EXERCISE DIRECTIONS
Find the "高端蓝色地产开盘广告物料图片" line in the records below and repeat it and every later line exactly, up to the last; do not include pictures.

PROVIDED ENTRIES

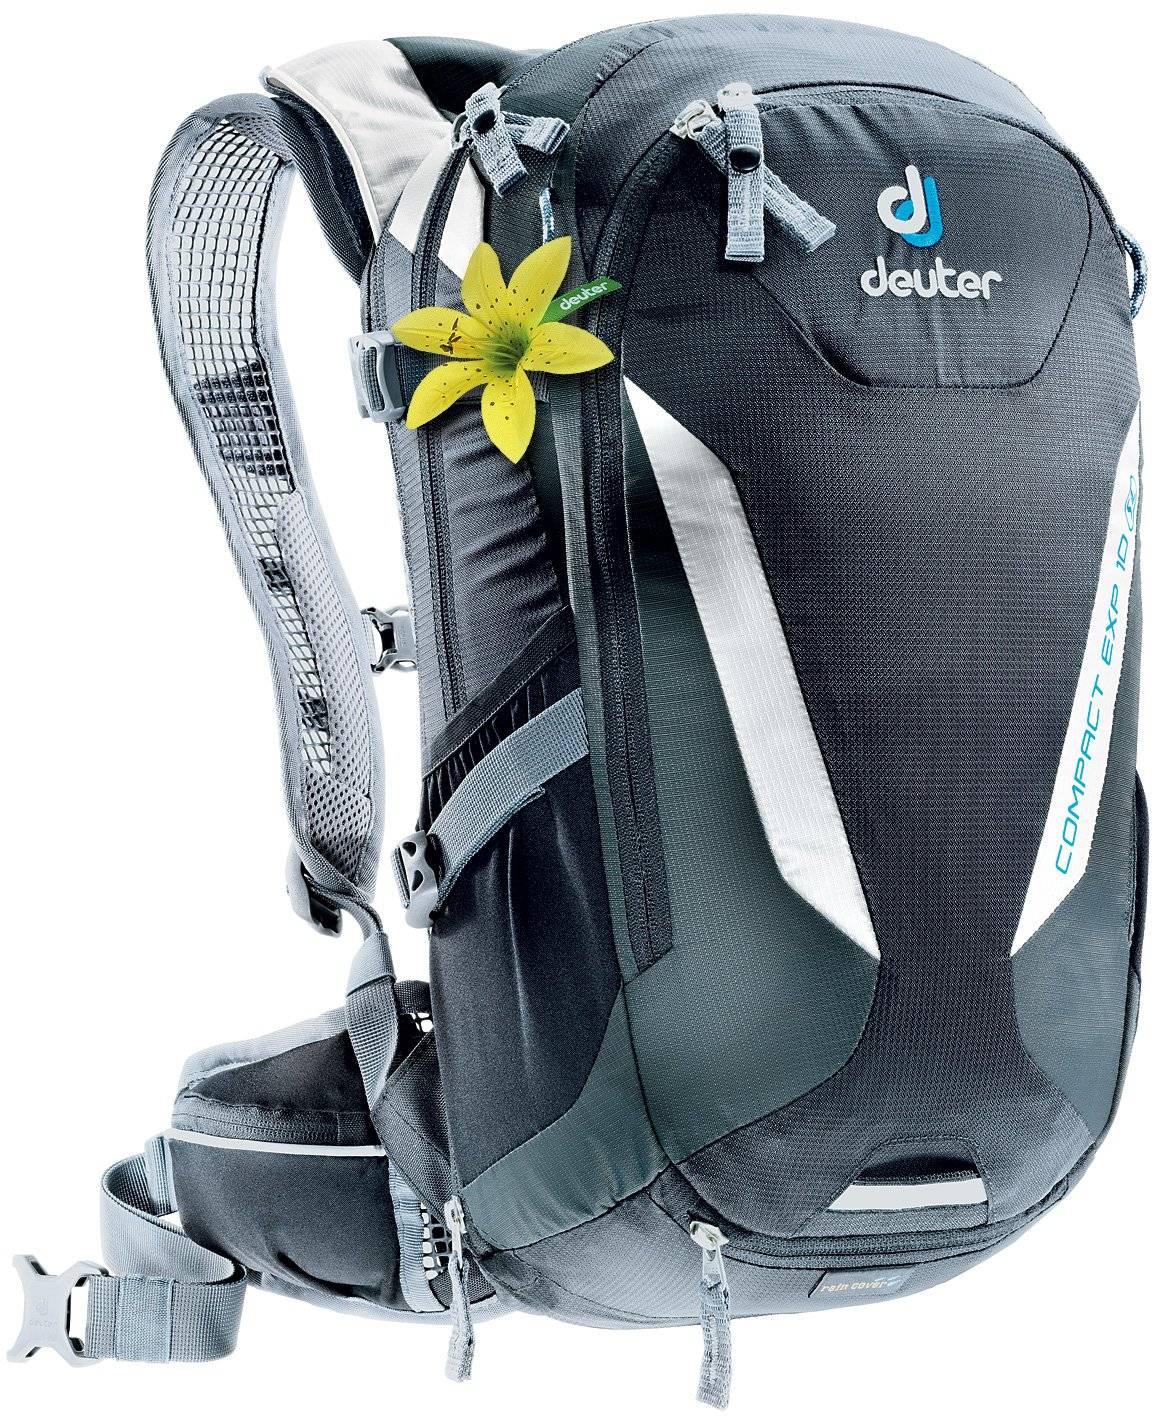 Велорюкзак Deuter Bike Compact EXP 10 SL, для женщин, 46х22х19, 10+2 л, черный, 3200115_7410
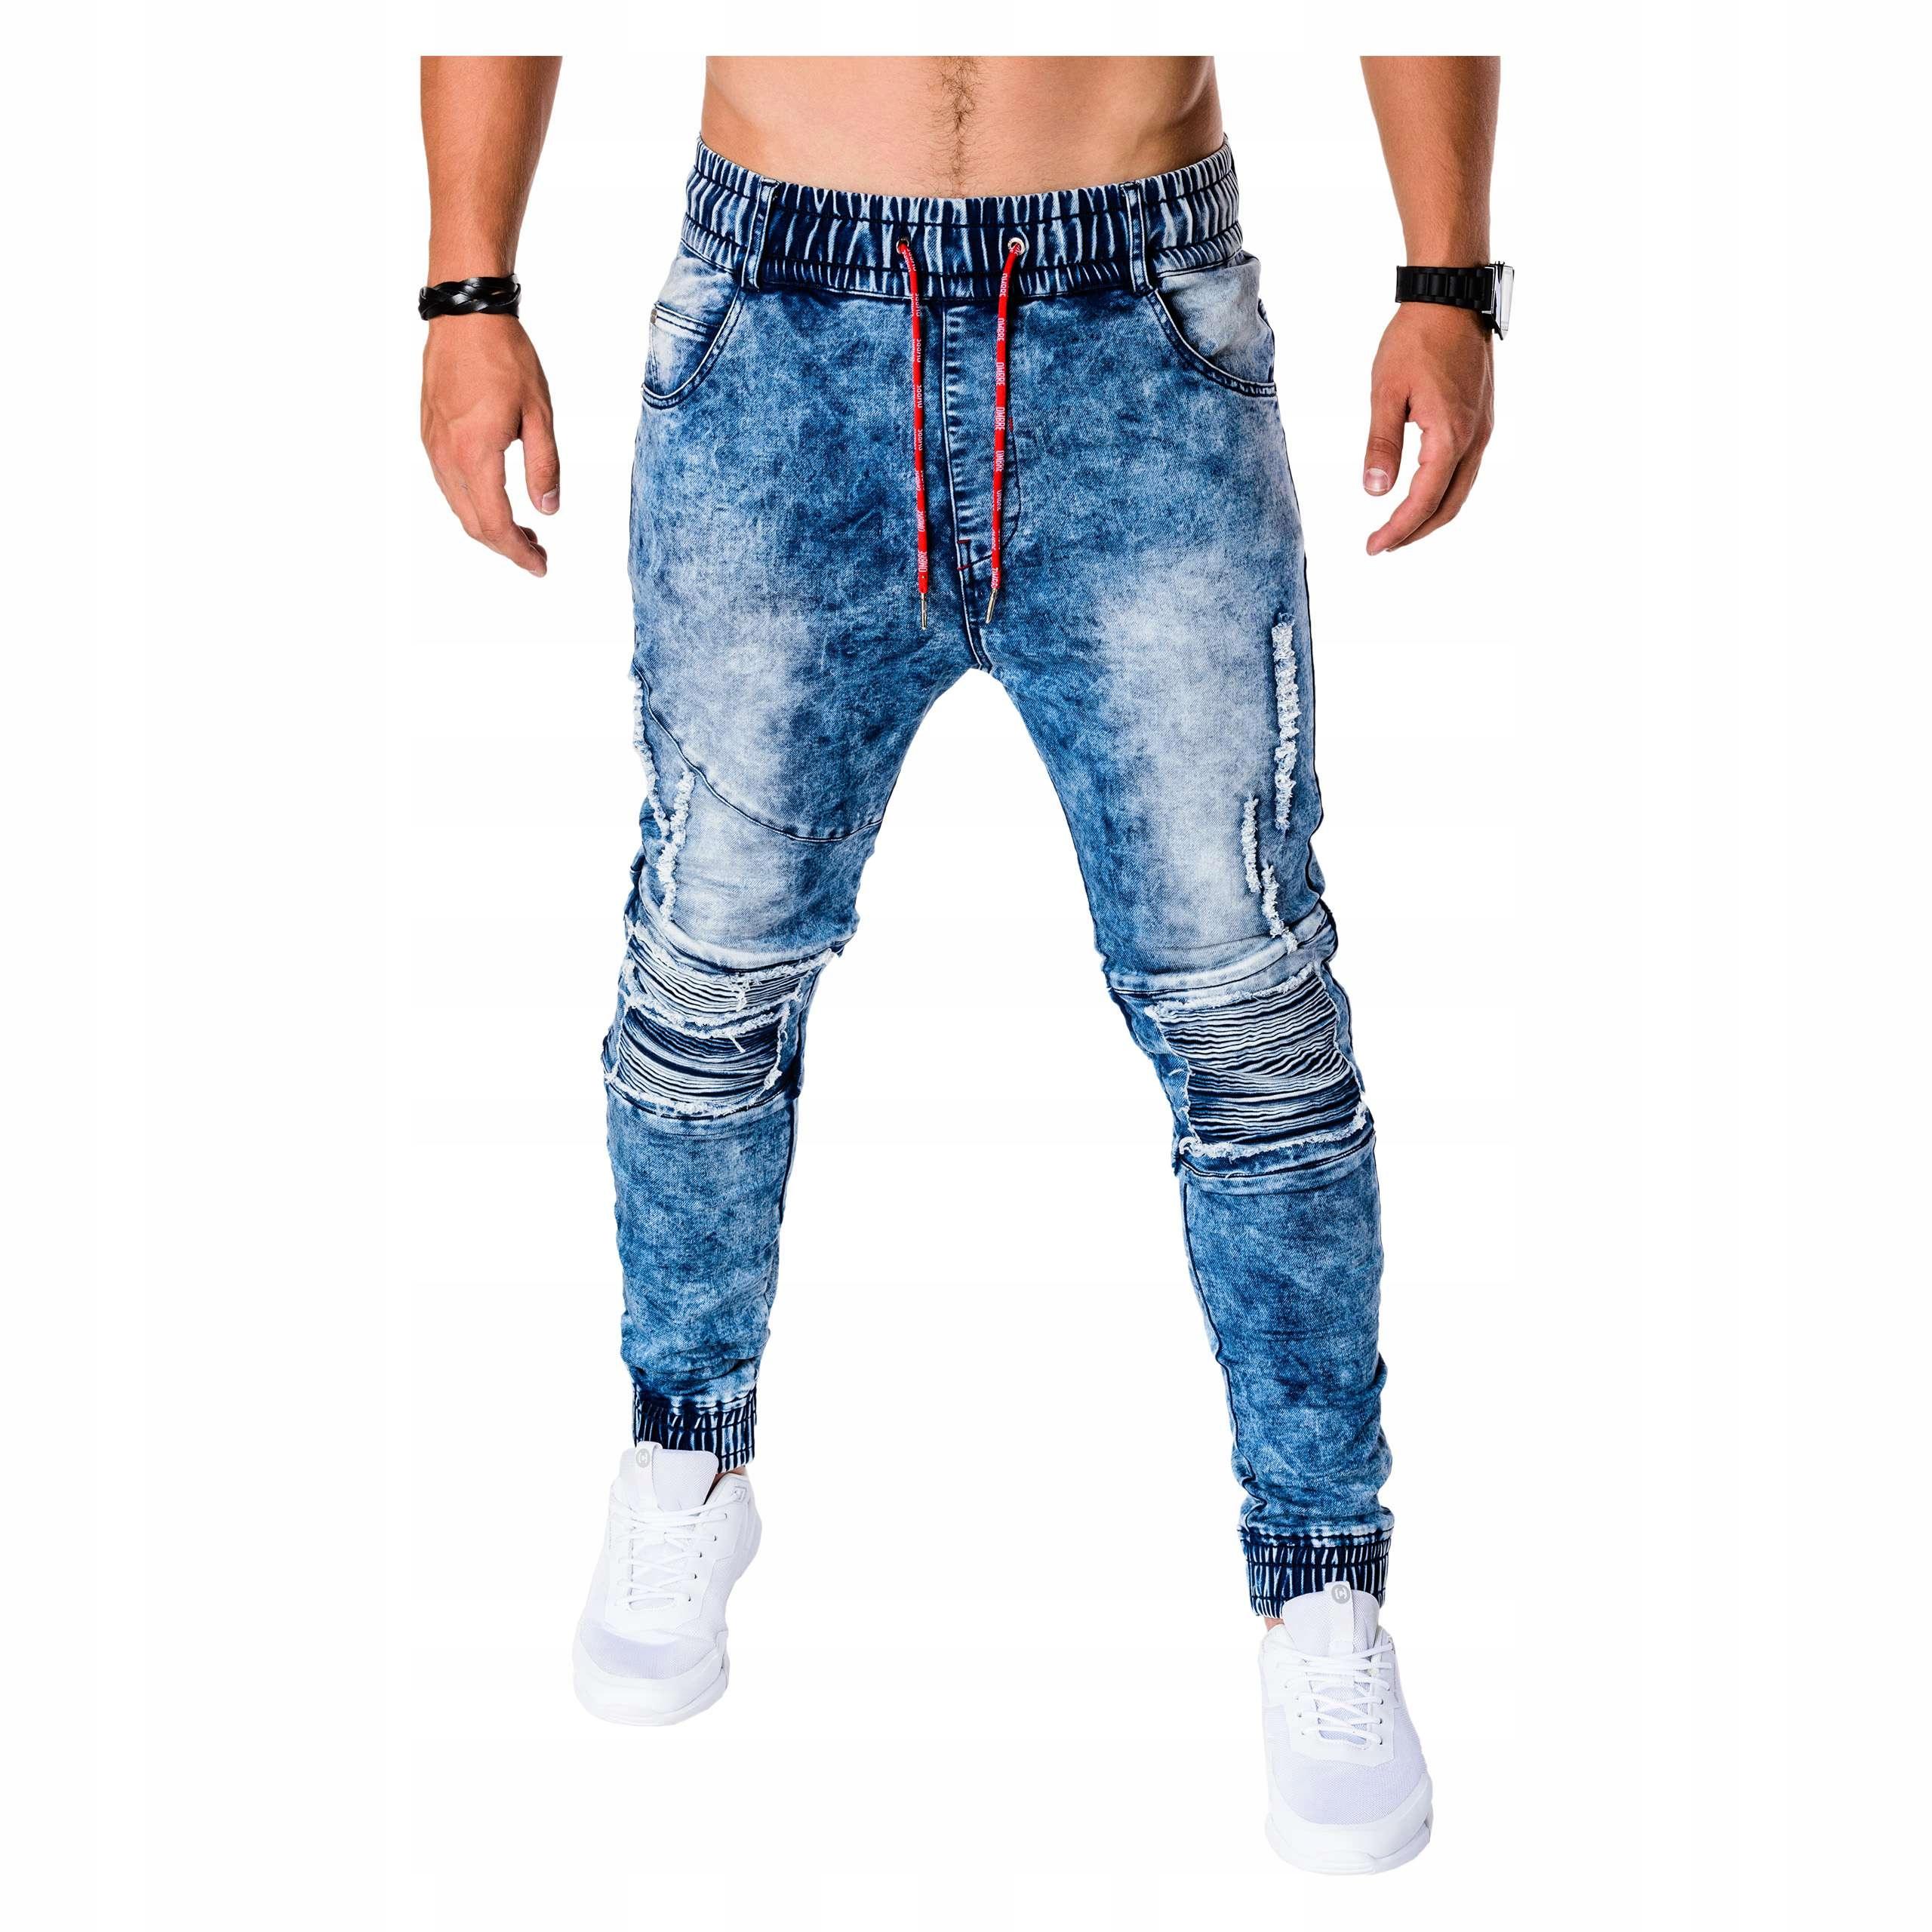 68001b7c915202 Joggery jeansowe casual z dziurami P676 jeans M - 7568204779 ...
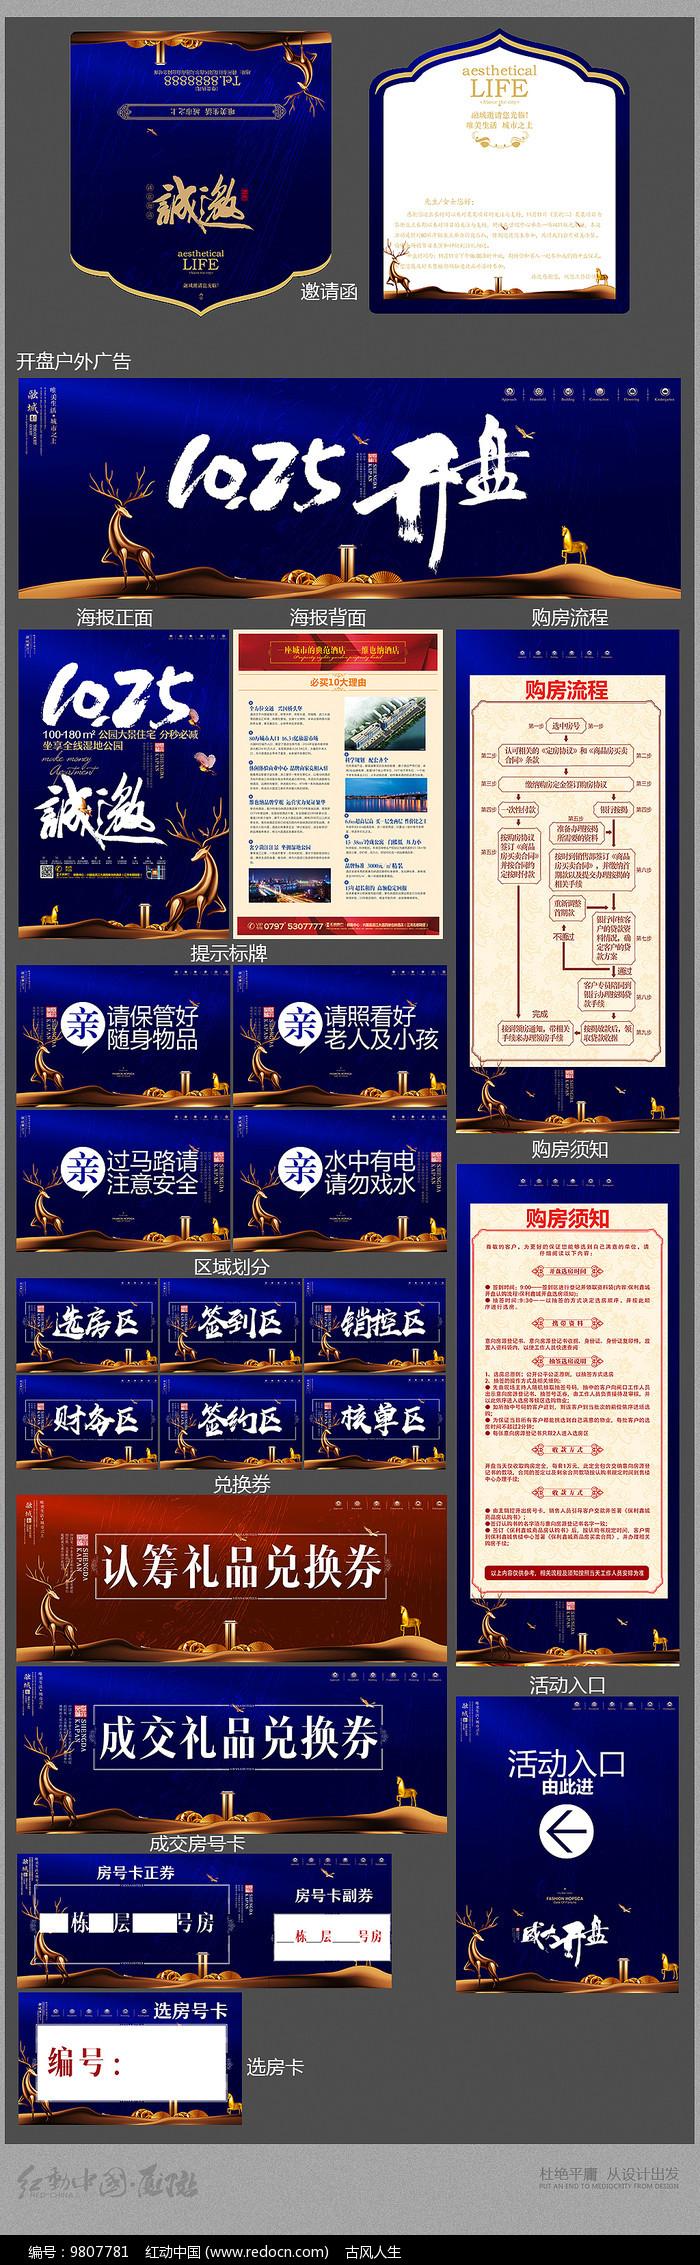 高端蓝色地产开盘广告物料图片
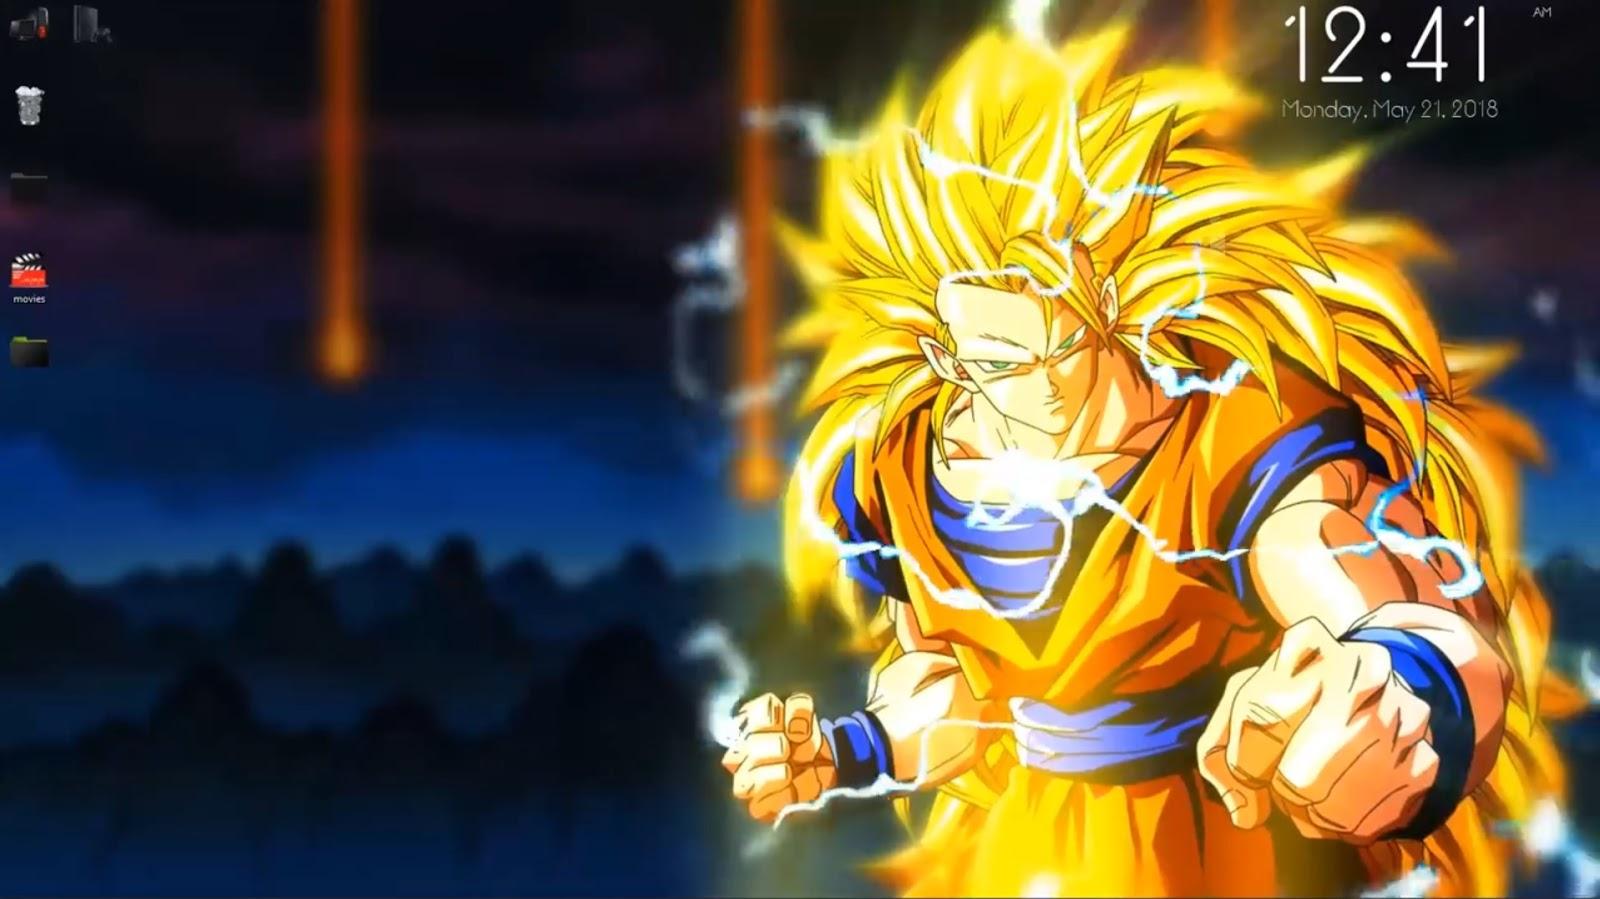 Dragon Ball Z Sangoku Super Saiyan 3 Live Wallpaper Free Download
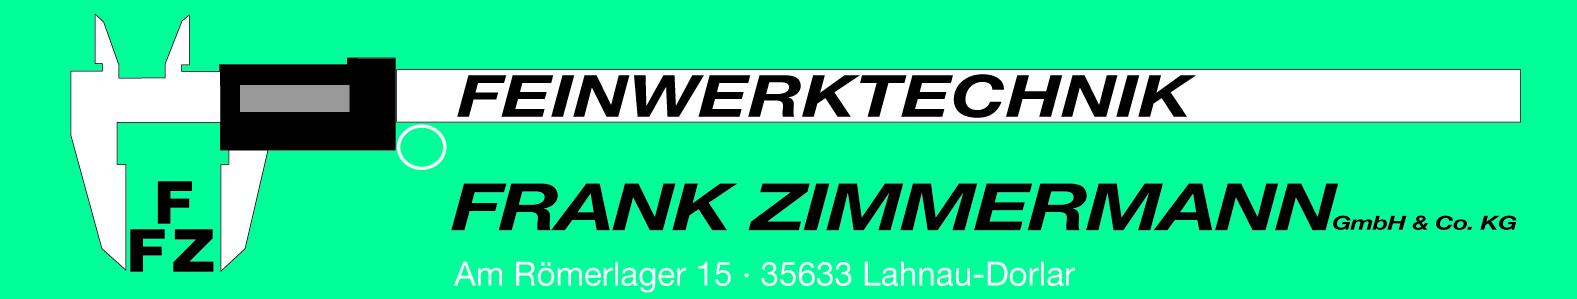 Lichtshow-Pate Frank Zimmermann Feinwerktechnik

EXPECTED ANSWER
 高端蓝色地产开盘广告物料图片
 Dragon Ball Z Sangoku Super Saiyan 3 Live Wallpaper Free Download
 Lichtshow-Pate Frank Zimmermann Feinwerktechnik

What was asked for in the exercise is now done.